Corso argued that reverse‑engineered alien tech gave rise to the microchip, thereby underpinning modern computers, smartphones, televisions, and countless other devices. He also claimed that LED lights, Kevlar, lasers, fiber optics, night‑vision gear, and even cling‑wrap trace their origins to extraterrestrial sources.
Most crucially, Corso warned that the most transformative technologies—free energy, antigravity, and advanced healing methods—have been deliberately concealed from the public, used to grant humanity a hidden presence in space far beyond what is officially acknowledged.
Whether or not Corso’s assertions are factual, the rapid surge in technological prowess during the latter half of the 20th century aligns with his theory of alien‑derived breakthroughs.
3 Captain Mark Richards

According to his wife, Jo Ann Richards, Captain Mark Richards languishes in jail for a crime he insists he didn’t commit. She contends that he was framed to hide his extensive knowledge of secret space programs, shadow governments, and extraterrestrial contact.
Richards allegedly engaged in clandestine extraterrestrial diplomacy from childhood.

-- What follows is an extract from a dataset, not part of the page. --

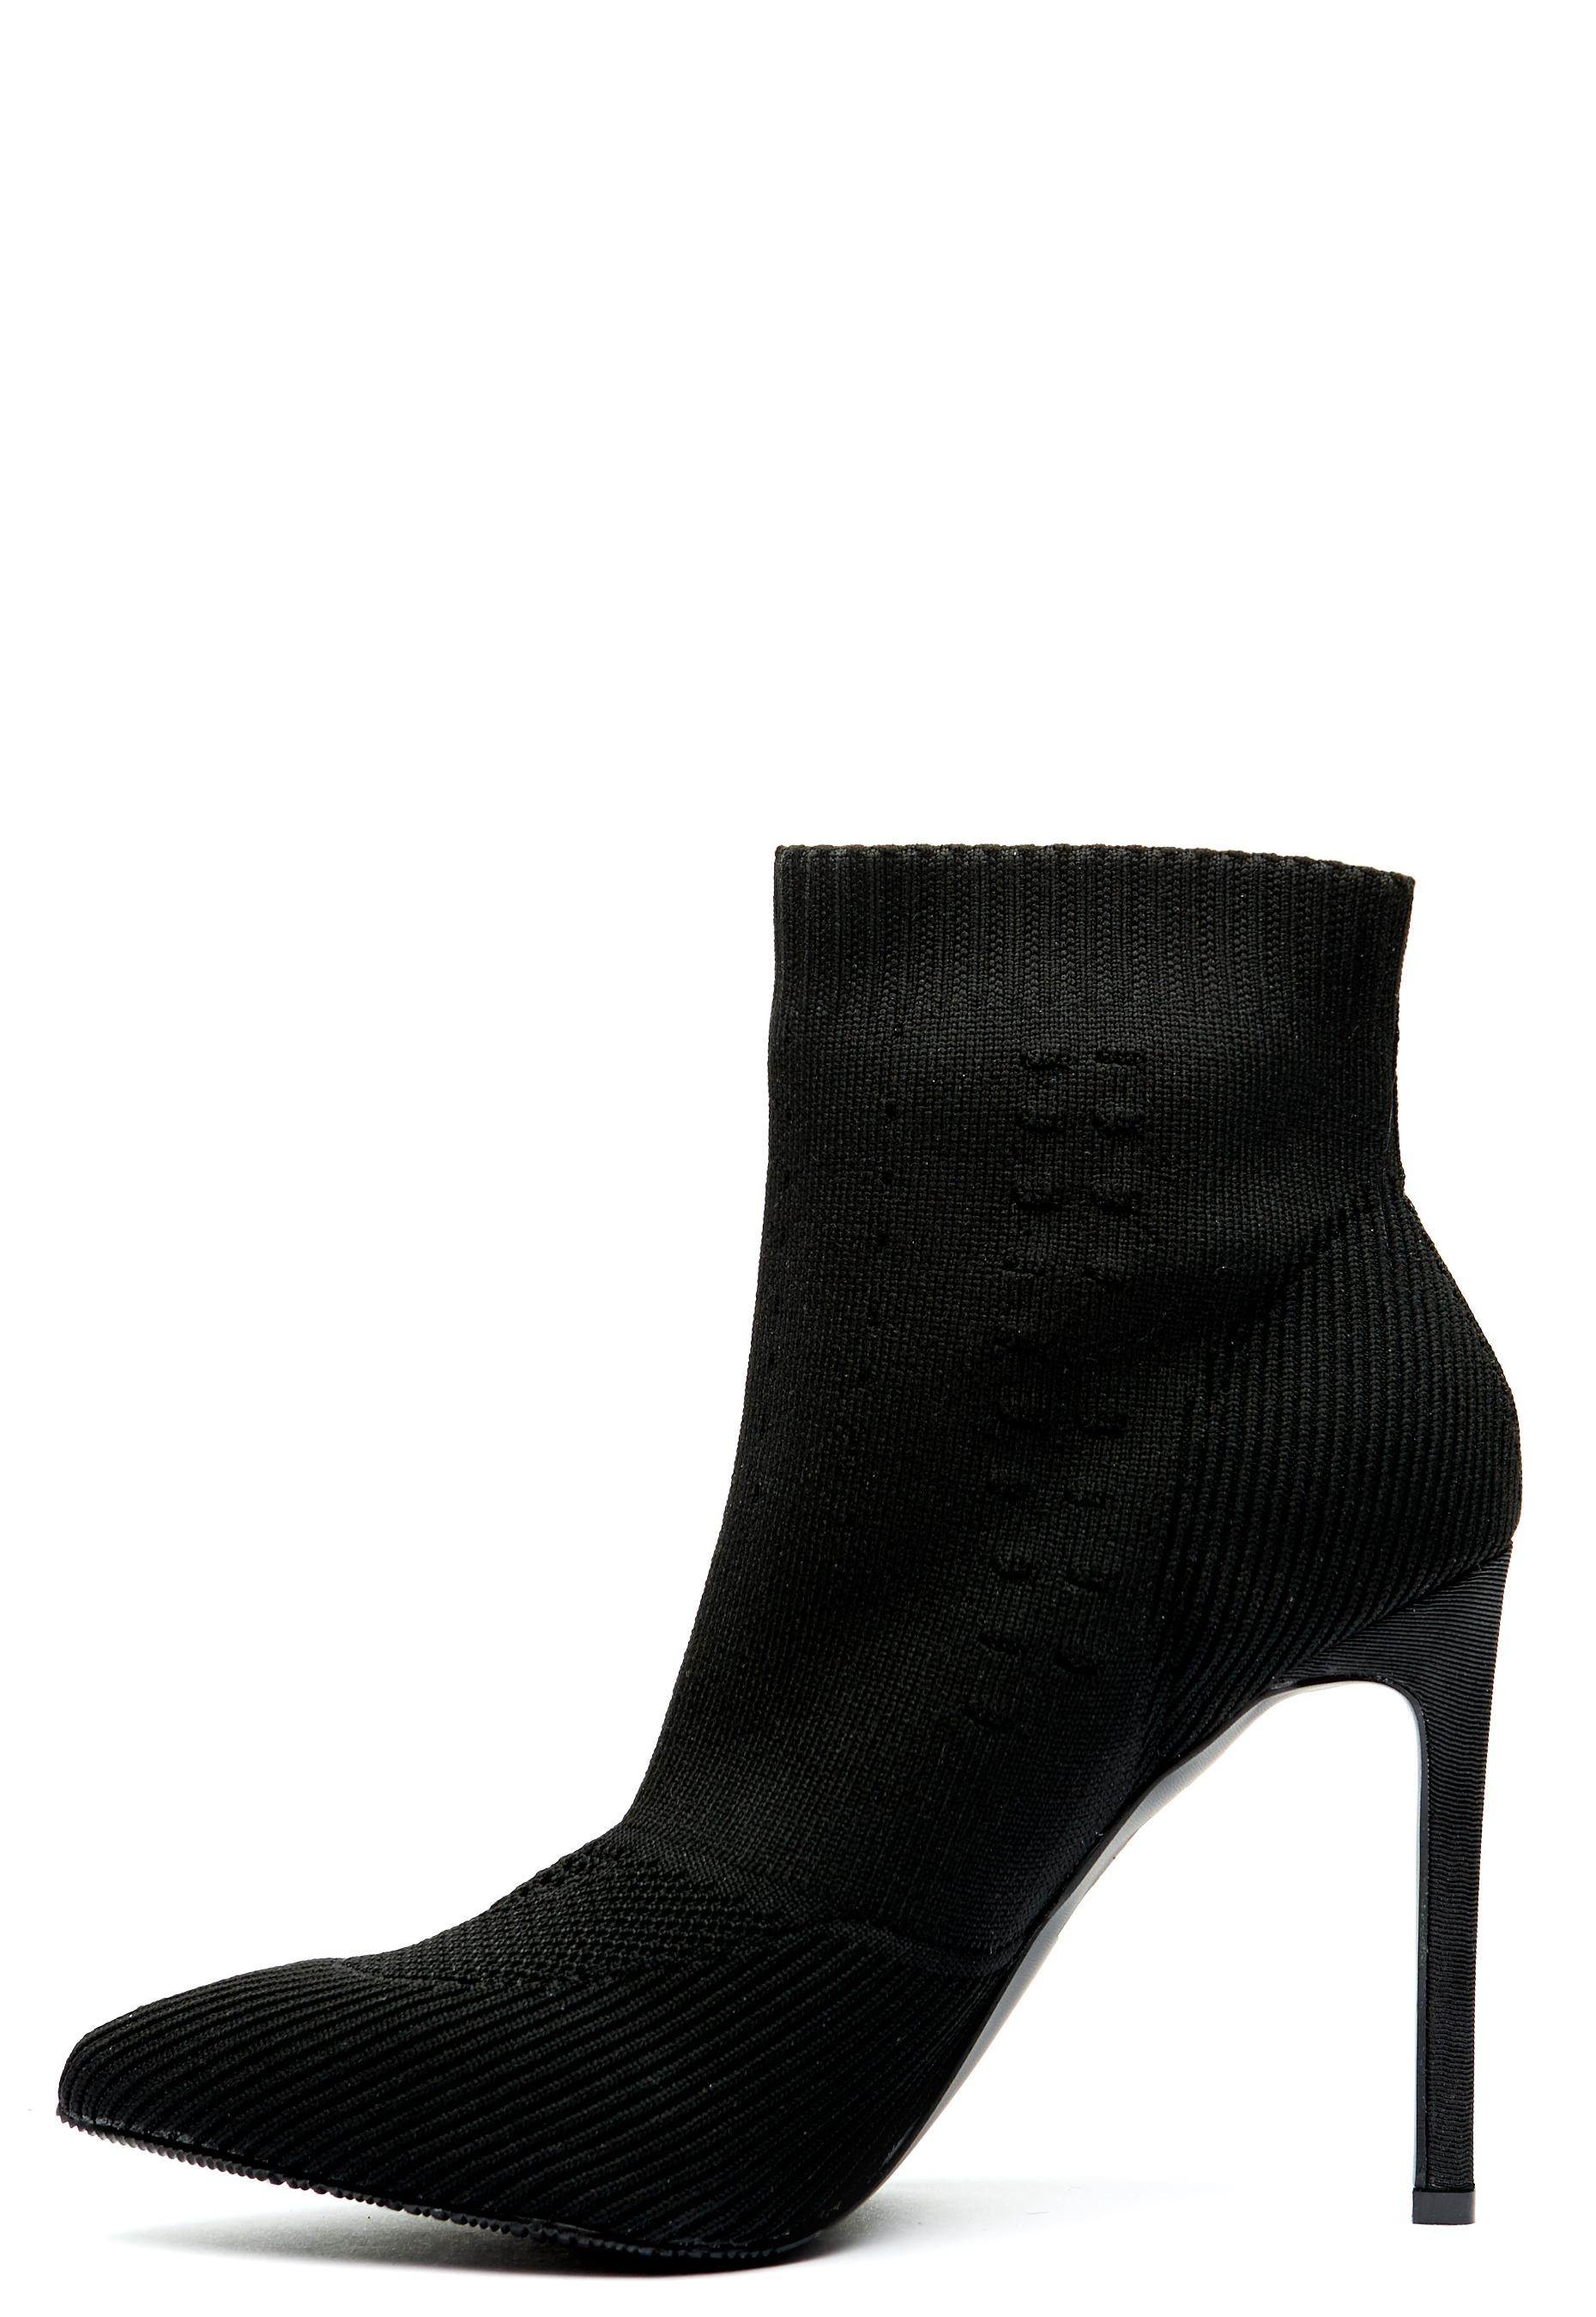 0bc3cee5e2 Francesco Milano Stivaletto Shoes Nero - Bubbleroom

In one encounter, he reportedly conversed with an intelligent reptilian entity resembling a velociraptor, yet capable of forming coherent English sentences.
Corey Goode has reported similar beings—reptilian creatures inhabiting the Earth’s inner honeycomb, some sporting feathered crests. While Goode acknowledges their intelligence, he warns that these “raptors” are extremely dangerous, echoing Richards’s cautions about their potential threat.
2 Arthur Neumann

Arthur Neumann, once known by the alias “Henry Deacon,” mystified the UFO community with tales of portal travel, extraterrestrial contact, and a shadowy cabal manipulating world events. A former physicist at Lawrence Livermore National Laboratory, Neumann claimed that free‑energy breakthroughs had been discovered but deliberately suppressed, as releasing such technology would undermine mass enslavement.
Eventually, Neumann stepped into the public eye, appearing at a UFO convention and revealing his true identity. Shortly thereafter, he vanished without a trace, fueling speculation about his fate.
Unlike many self‑promoting insiders, Neumann never pursued book deals, product lines, or fame. He appeared driven solely by a genuine concern for humanity’s safety, urging disclosure of concealed truths. While some dismiss him as delusional, the consistency across multiple independent testimonies suggests a pattern that warrants serious consideration.
1 Buzz Aldrin

At first glance, Buzz Aldrin seems an unlikely candidate for secret‑space‑program insider status. As a celebrated NASA astronaut with a four‑decade public career, his name is synonymous with lunar exploration. Yet, over the years Aldrin has made several cryptic statements that hint at deeper knowledge.
The most compelling clue emerged from a 2009 C‑SPAN interview where, while discussing his passion for sending humans to Mars, Aldrin remarked that a feature of Mars’s moon Phobos would interest “xenoarchaeologists” more than “xenogeologists.” He then described an artificially constructed monolith on Phobos—an object unmistakably visible in flyby photographs, casting a long shadow and standing upright on the moon’s surface.
Speculation abounds that Aldrin may have traded his silence for fame, wealth, and continued insider access. Some point to a magazine cover where Aldrin circles his thumb and forefinger around his right eye—a gesture allegedly used by members of a covert cabal to signal allegiance.
If Aldrin indeed struck a deal to keep the majority of his knowledge under wraps, he could be among the first to alert humanity when full disclosure finally erupts.